Primary data deduplication in storage products
Data deduplication on mainstream supplier primary storage is mostly a feature on midrange NAS storage products and is often single instance storage.
Here is a rundown of what is available and the approaches to primary deduplication taken by array suppliers.
Dell's PowerVault series of NAS devices use Windows Storage Server's single instance storage capability to deduplicate primary data. Operating at file level, the post-process technology scans storage volumes for duplicated files. When the service finds a duplicate, it copies it into a central folder and replaces the duplicate with a link to the central copy.
EMC's deduplication is post-process single instance storage that operates on flash drives as well as spinning media. It runs on all midrange VNX unified storage platform devices except the entry level VNX5100. The process compresses a file, gives it a hash value, then compares it to existing files. If a match is found, one is deleted.
HP, like Dell, offers single instance storage via Windows Storage Server on its Proliant NAS storage servers.
IBM offers block-level, post-process deduplication as a no-cost option for its N-series midrange NAS systems. It works using a 4K data block hashing algorithm to filter out potential duplicates, then performs a byte-by-byte comparison to guarantee a perfect match before the duplicate block is deleted.
NetApp's FAS series of filers uses post-process, block-level deduplication that can be invoked automatically or scheduled through the command line interface or via the company's management GUI. It works by storing the hash signatures of each 4K block in a database, detecting identical signatures, then comparing that pair of blocks byte-by-byte. If identical, the duplicate is deleted and a change log entry is created.

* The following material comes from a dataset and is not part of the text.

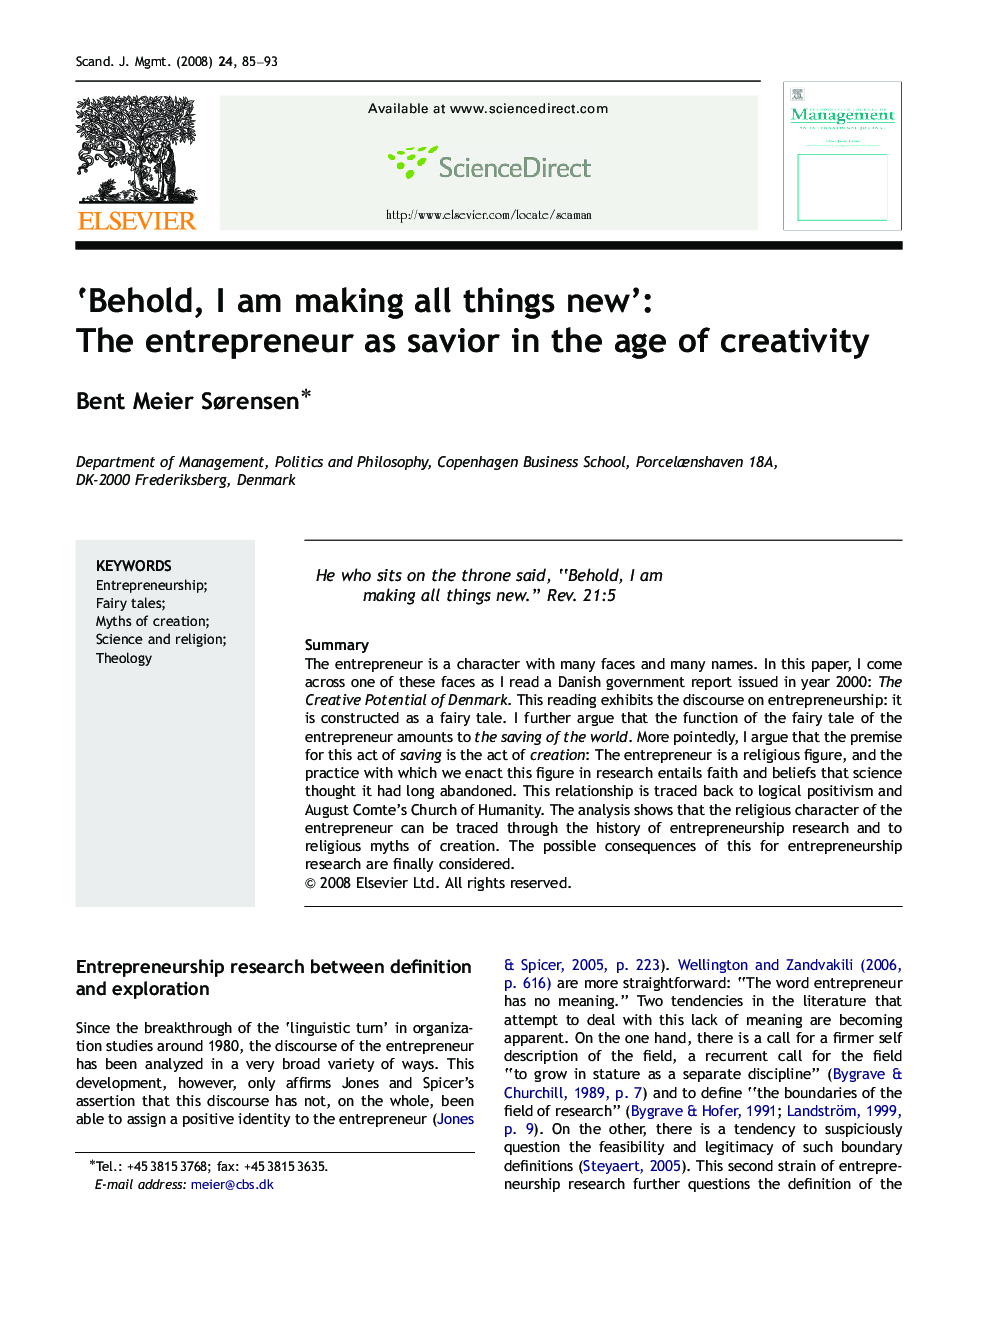 ‘Behold, I am making all things new’: The entrepreneur as savior in the age of creativity

Start-ups build in primary deduplication
In contrast to the mainstream suppliers primary, deduplication is seen as an opportunity by storage start-ups and is usually sub-file deduplication rather than single instance storage.
Analyst Greg Schulz of StorageIO said: “Start-ups generally have the advantage with clean sheet approaches, in that they don’t have the backwards compatibility or installed base to be concerned about.”

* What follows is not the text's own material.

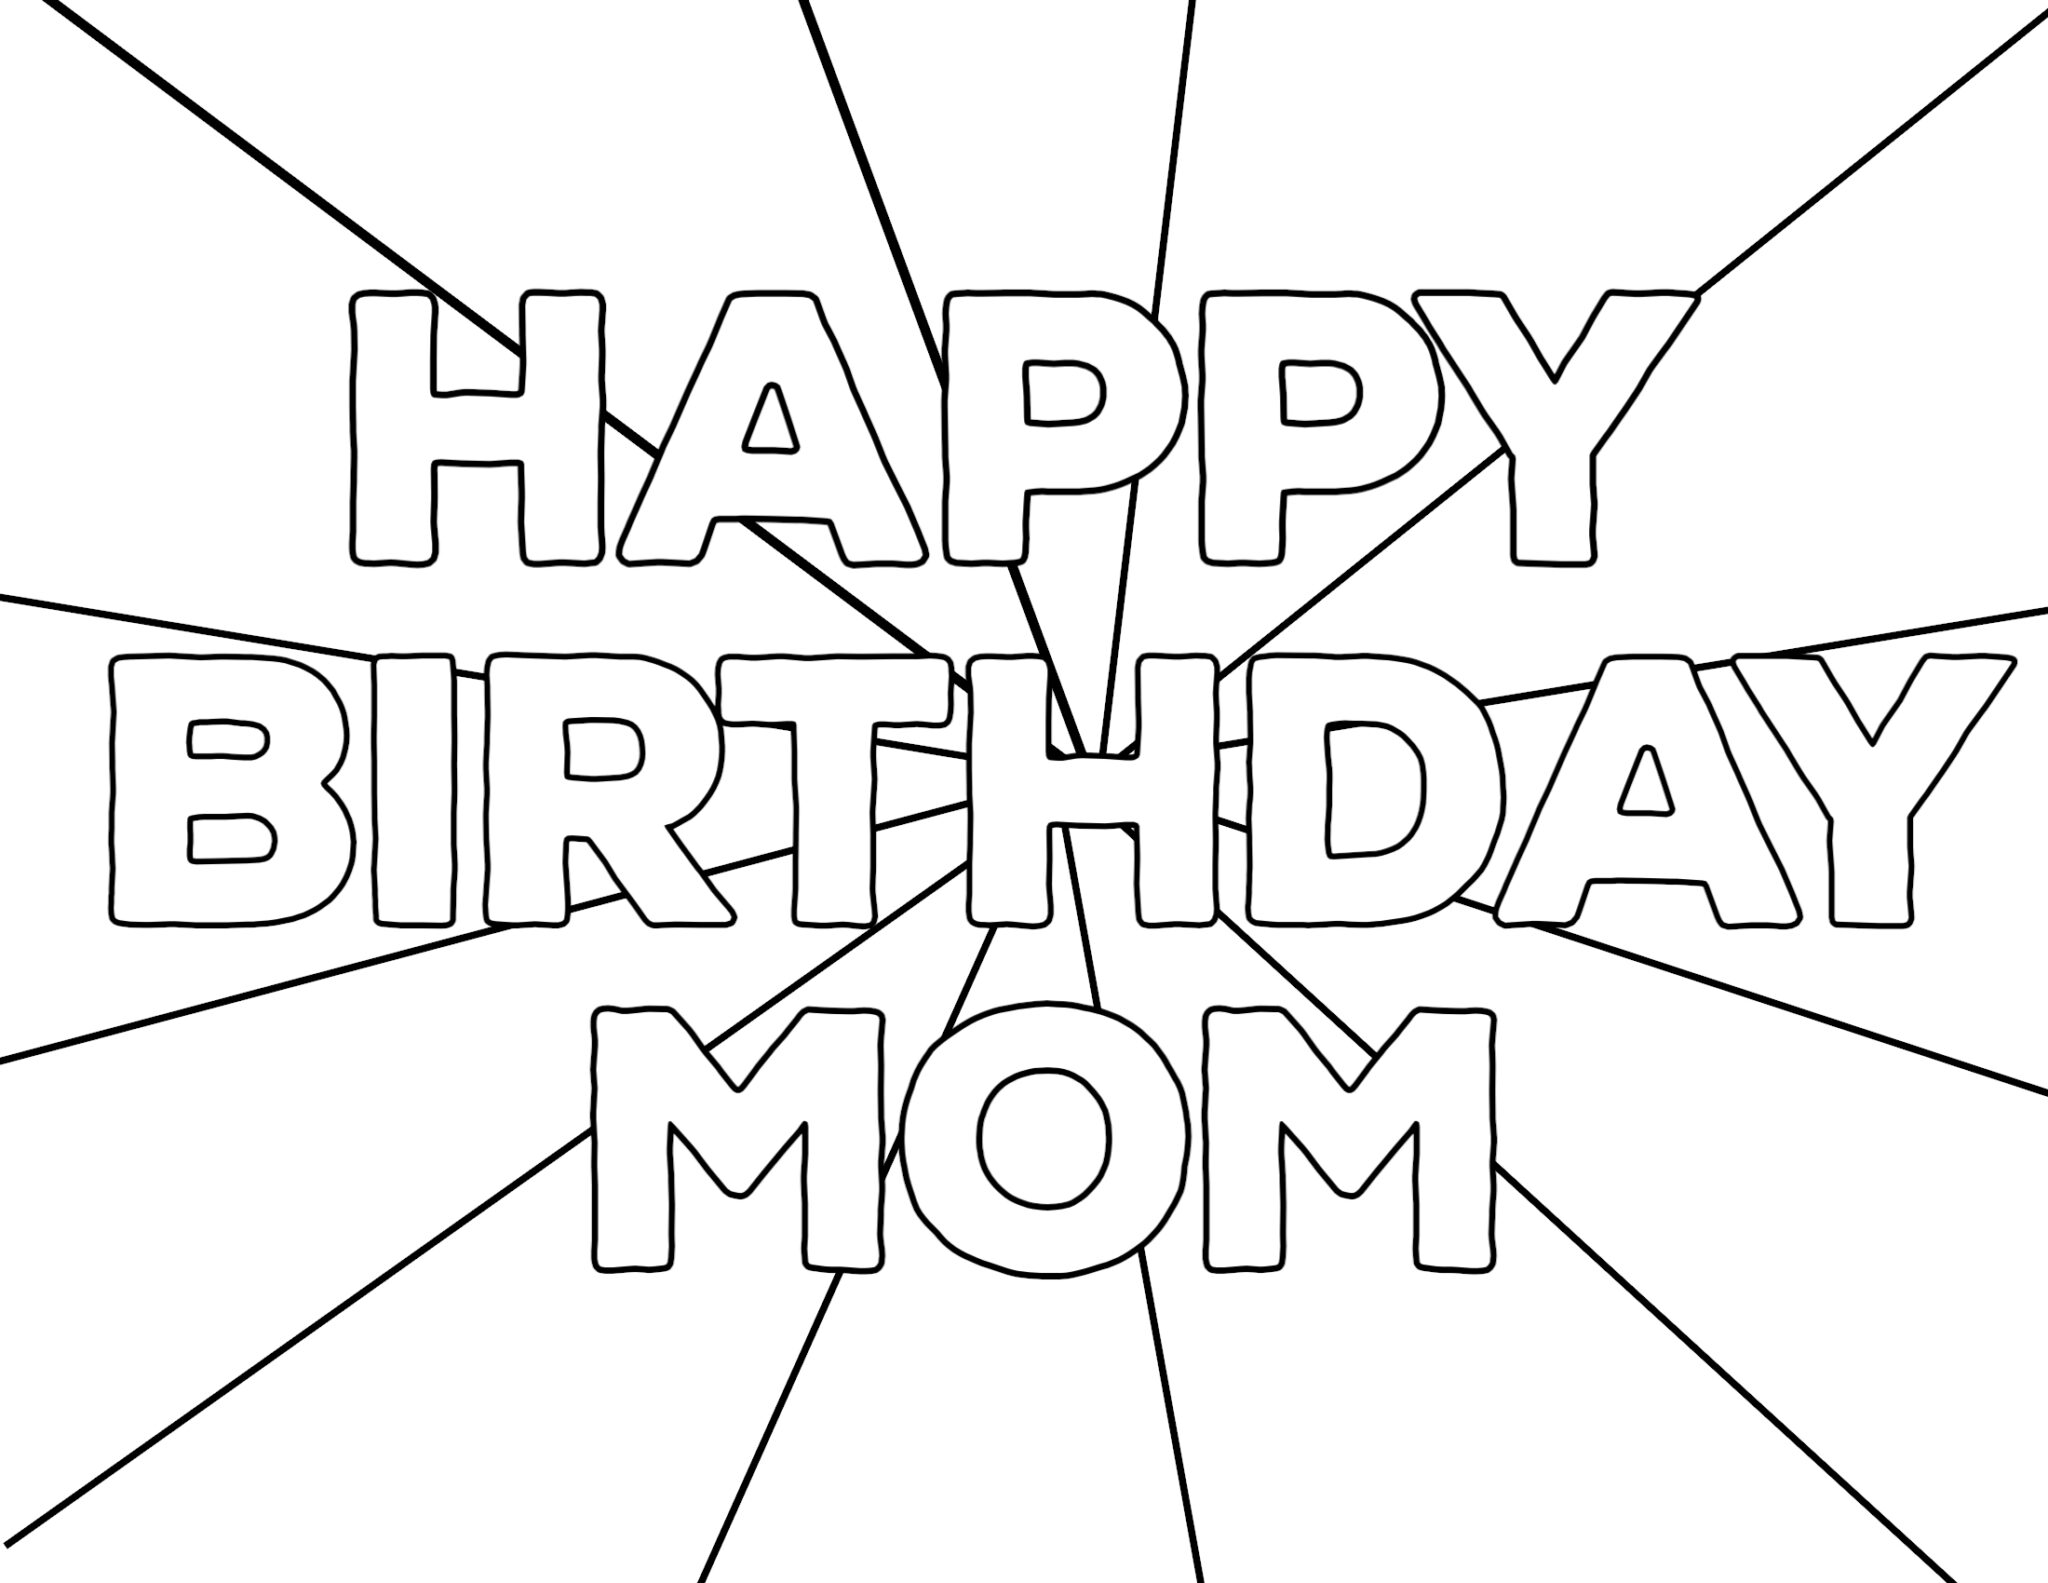 foldable-birthday-cards-for-mom-printable-coloring

Data deduplication has been incorporated by start-ups into new architectures that use it explicitly for primary data use cases.
Tegile and Nimble, for example, sell appliances that contain mixed flash and spinning disk drives. They use data deduplication to store the bulk of lesser used data in a deduplicated state on cost-effective Sata drives and rehydrate it when it is moved to fast flash storage as hot data. This approach allows such suppliers to claim big savings in disk capacity use.
Meanwhile, FreeNAS and Nexenta's open source storage operating systems are built on ZFS and use its inline, block-level, hash signature-based data deduplication, with the option to additionally verify matching blocks.
NexGen uses a different approach to deduplication. It uses metadata, not hashing, to locate duplicate data, then deduplicates only when resources become available. This approach is more capacity-efficient, according to the company.
Pure flash array suppliers are also implementing deduplication. Nimbus, for example, reduces capacity usage with inline deduplication allied to thin provisioning. SolidFire and Pure Storage offer similar benefits but add compression.